**Data block:**
::::::

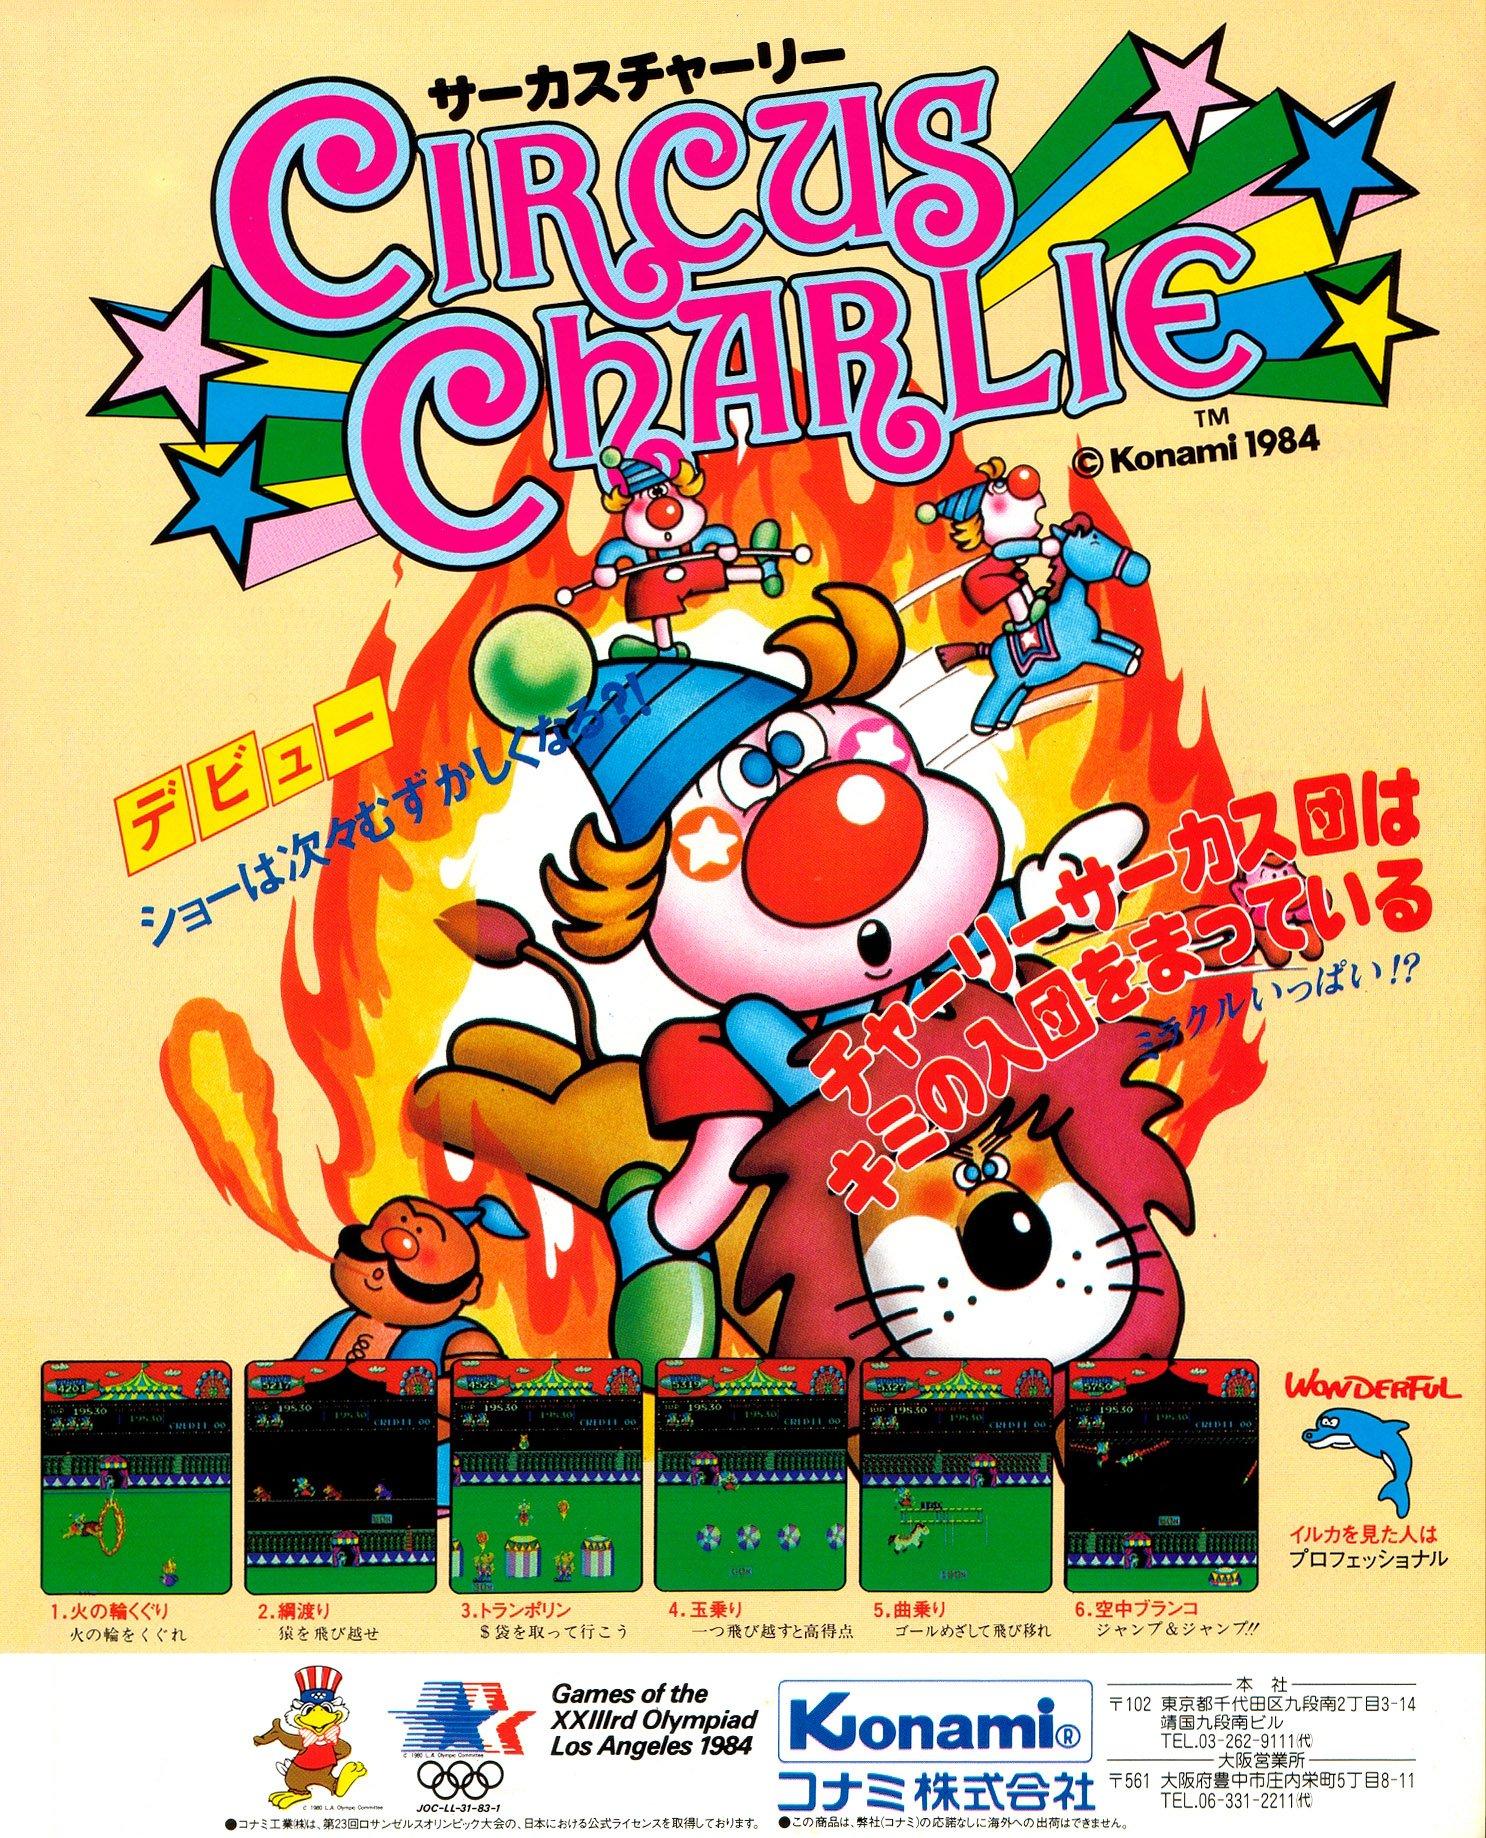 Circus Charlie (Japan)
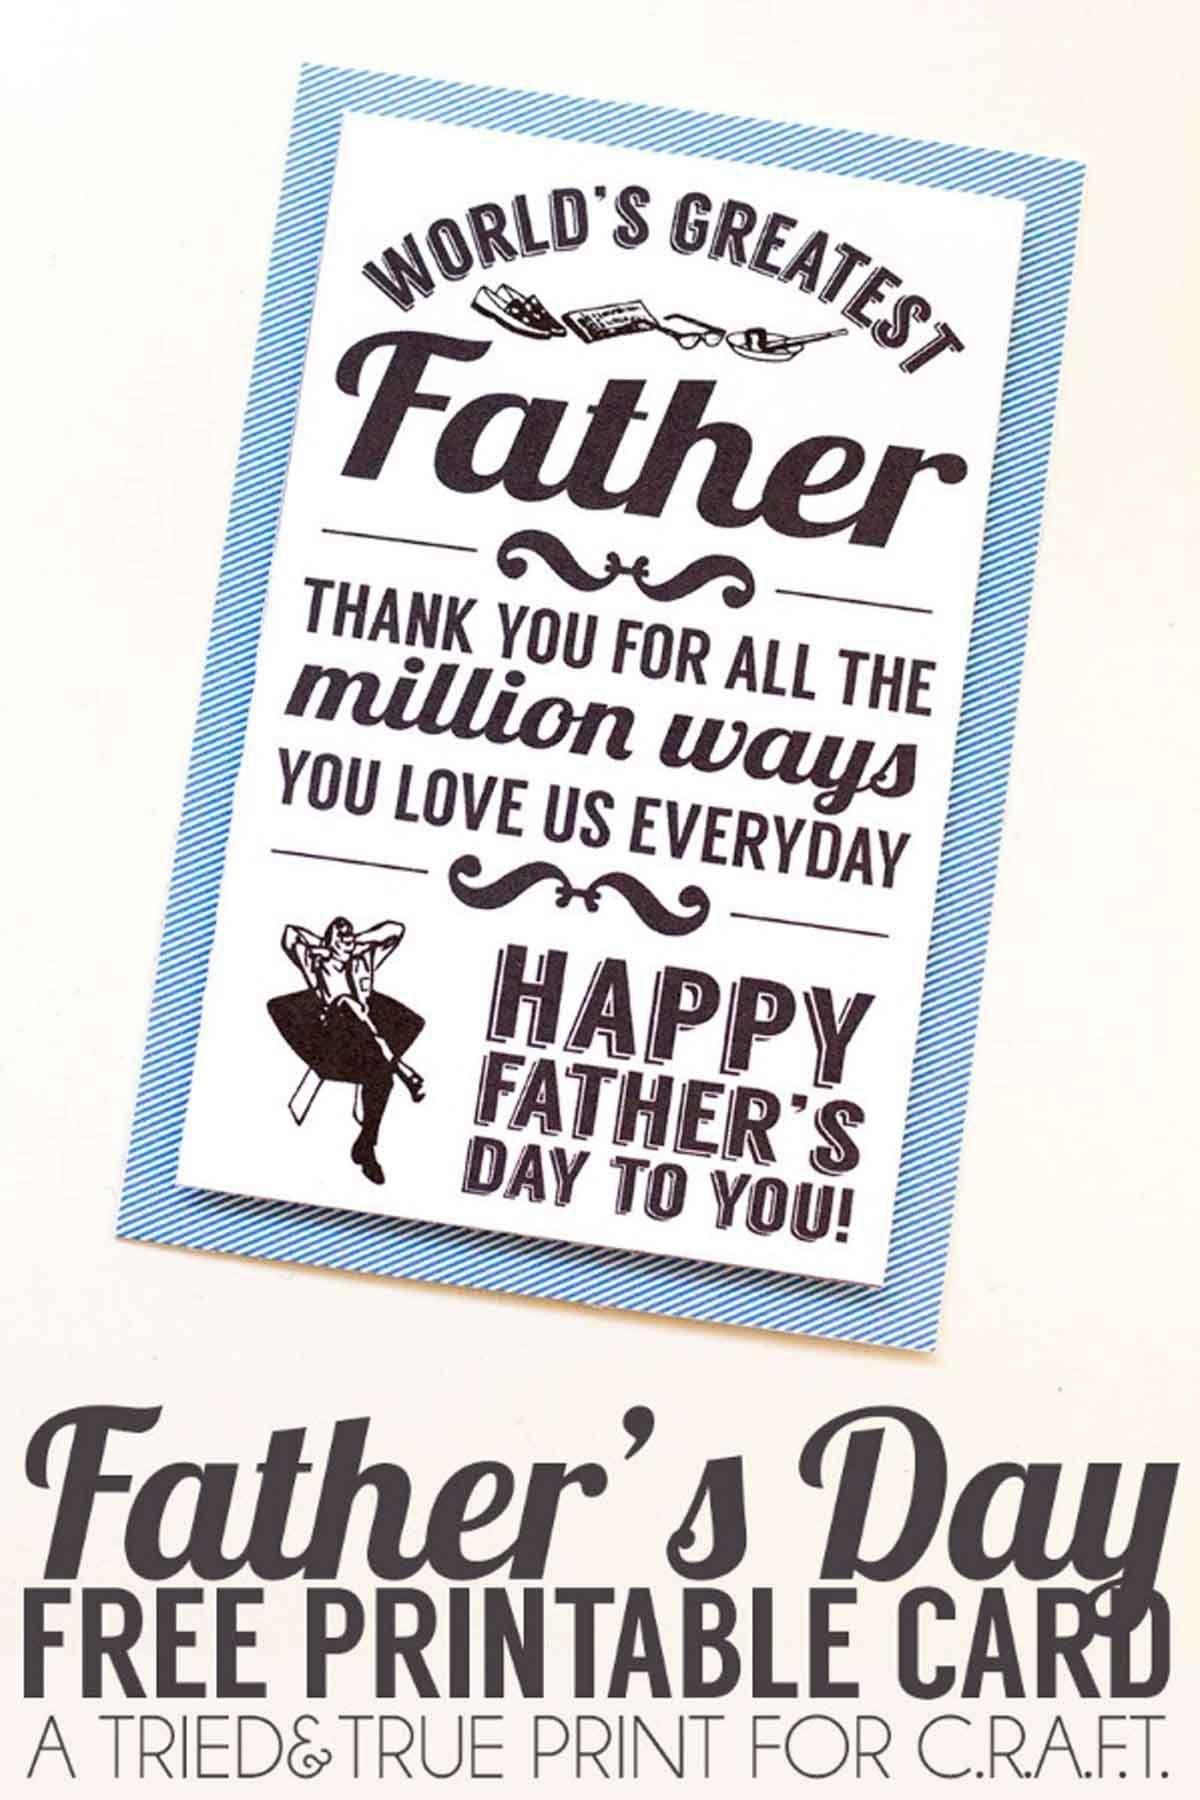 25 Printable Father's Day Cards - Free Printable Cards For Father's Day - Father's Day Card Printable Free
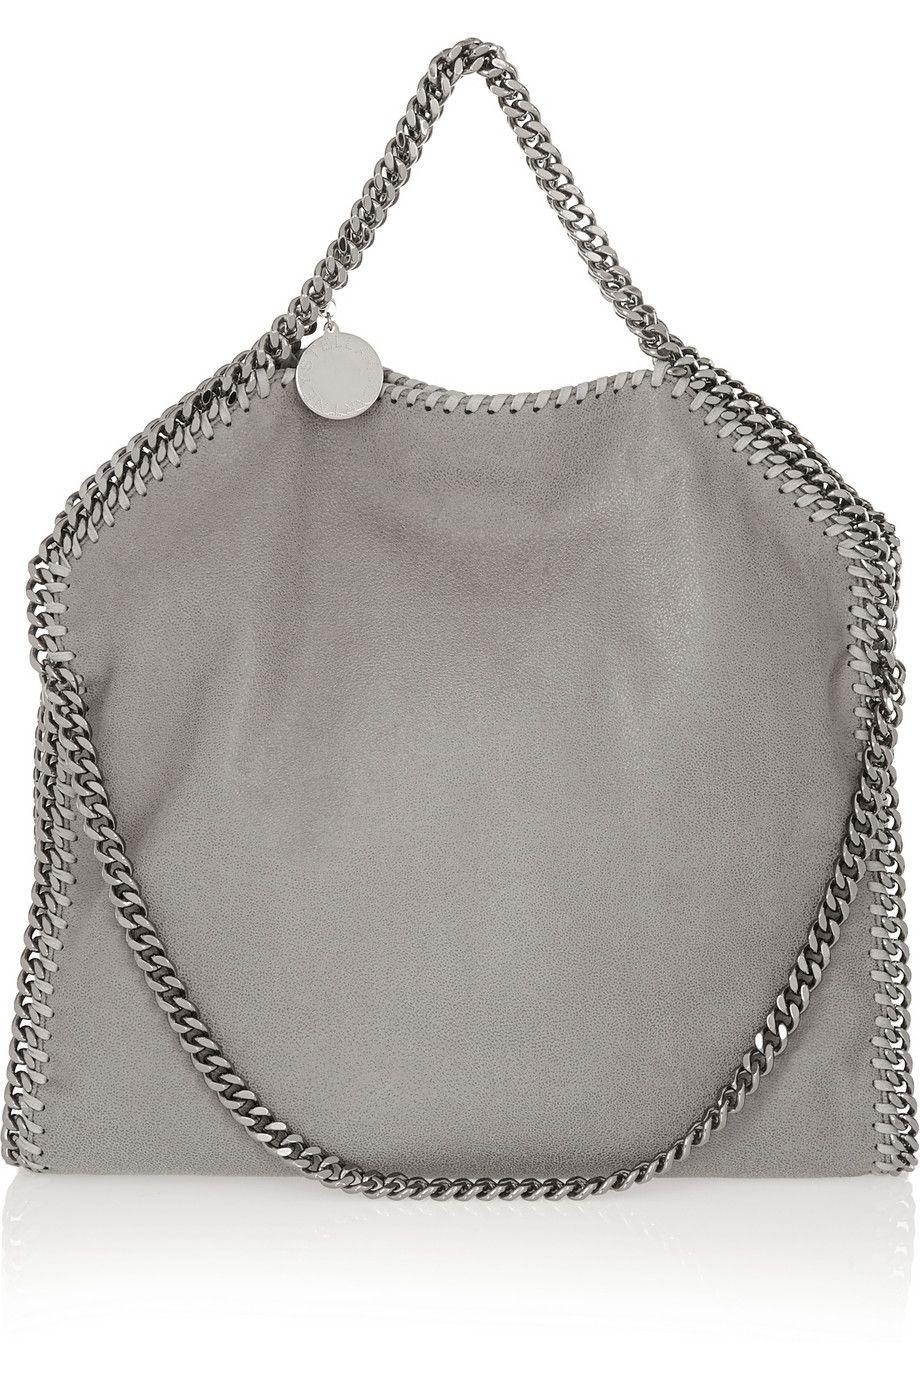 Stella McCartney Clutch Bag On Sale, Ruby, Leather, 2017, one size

::::::

**Problem details:**
The reply has to reproduce every line above verbatim and contain no pictures.

**Solution to this problem:**
 Circus Charlie (Japan)
 25 Printable Father's Day Cards - Free Printable Cards For Father's Day - Father's Day Card Printable Free
 Stella McCartney Clutch Bag On Sale, Ruby, Leather, 2017, one size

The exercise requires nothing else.